Why It's Revolutionary: Traditional container startup is "pull image → extract files → install dependencies → initialize → run." Modal's startup is "locate snapshot → restore → run." By skipping all the initialization work, Modal achieves 20-60x faster cold starts. For iterative AI development, where you might start hundreds of containers per day, this is the difference between infrastructure being a minor annoyance versus a major bottleneck.

GPU Pooling Economics: The Cost Optimization Engine

Traditional Cloud GPU Allocation

• You reserve a GPU (e.g., 1x H100 for $3/hour)
• You pay 24/7, regardless of usage
• Typical dev workload: 2 hours active/day
• Effective cost: $36/hour of actual compute
• Utilization: ~8%

Modal's GPU Pooling

• You pay only when your code runs
• Multiple users share the same GPU
• Typical dev workload: 2 hours active/day
• Effective cost: $3-6/hour of actual compute
• Utilization: 60-80%

The Math: For the same workload, Modal costs 5-10x less because you're not paying for idle time. Traditional cloud providers reserve GPUs because they lack visibility into workload patterns. Modal's custom runtime gives perfect visibility, enabling safe sharing and dramatic cost reductions.

Real Quotes from the Keynote

Direct insights from Eric Bernhardson

"We've built custom infrastructure from scratch. Not containers. Our own runtime."

— Eric Bernhardson

"Cloud has been a phenomenal invention... but it's arguably a step backwards in terms of developer experience."

— Eric Bernhardson

"The best developer experience is one where you're not even thinking about infrastructure at all."

— Eric Bernhardson

"You just write Python functions. You don't write YAML. You don't write infrastructure code."

— Eric Bernhardson

"If I can do something in five seconds, I'll try it. If it takes 15 minutes, I'll think twice."

— Eric Bernhardson

How Modal Works

Simple Python code that runs in the cloud

Basic Function Deployment

Python

import modal

app = modal.App("example-app")

@app.function()
def hello_world():
    return "Hello from the cloud!"

if __name__ == "__main__":
    with app.run():
        result = hello_world.remote()
        print(result)  # "Hello from the cloud!"
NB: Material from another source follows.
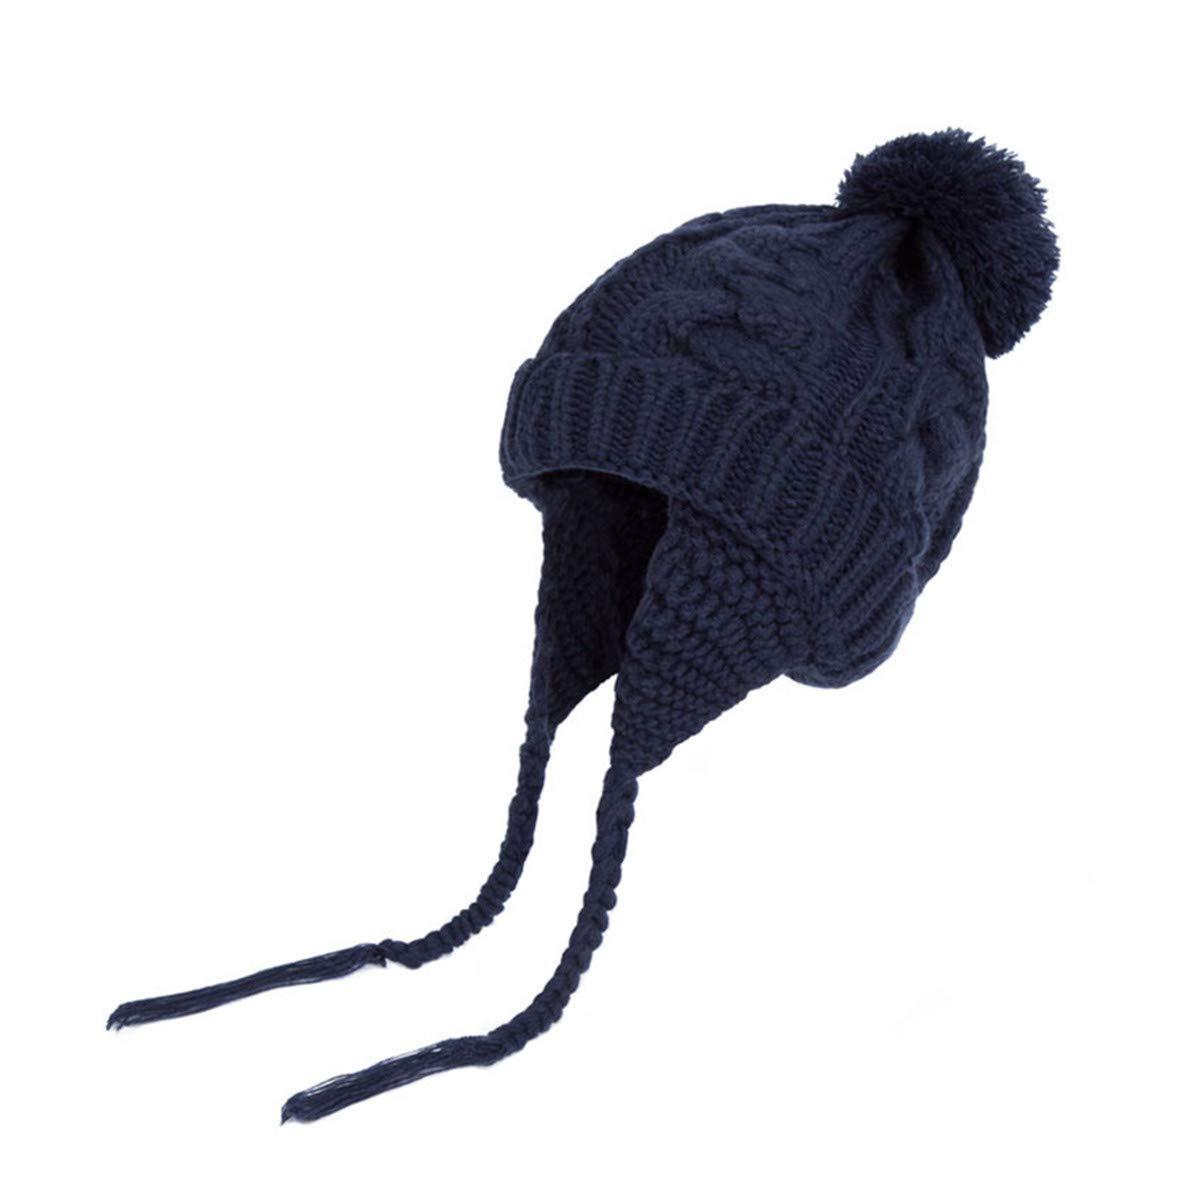 LKXHarleya Girls Knitted Earflaps Hat Winter Warm Baby Pom Pom Beanie Infant Cap

The @app.function() decorator tells Modal to run this function in their cloud. When you call .remote(), Modal handles everything.

GPU Access with One Line

H100 GPU

@app.function(gpu="h100")
def train_model():
    import torch
    # This runs on an H100 with CUDA automatically available
    device = torch.device("cuda")
    model = LargeModel().to(device)
    # Your training code here
    return training_results

The gpu="h100" parameter reserves an H100 GPU. Modal handles provisioning, CUDA drivers, and environment setup automatically.

Parallel Execution at Scale

1000x Parallel

@app.function()
def process_batch(batch_id):
    # Process a single batch of data
    return results

# Process 1000 batches in parallel
batch_ids = list(range(1000))

with app.run():
    # Map-style parallel execution
    results = process_batch.map(batch_ids)

The .map() method spawns 1000 containers in parallel. What would normally require a Kubernetes cluster is now one method call.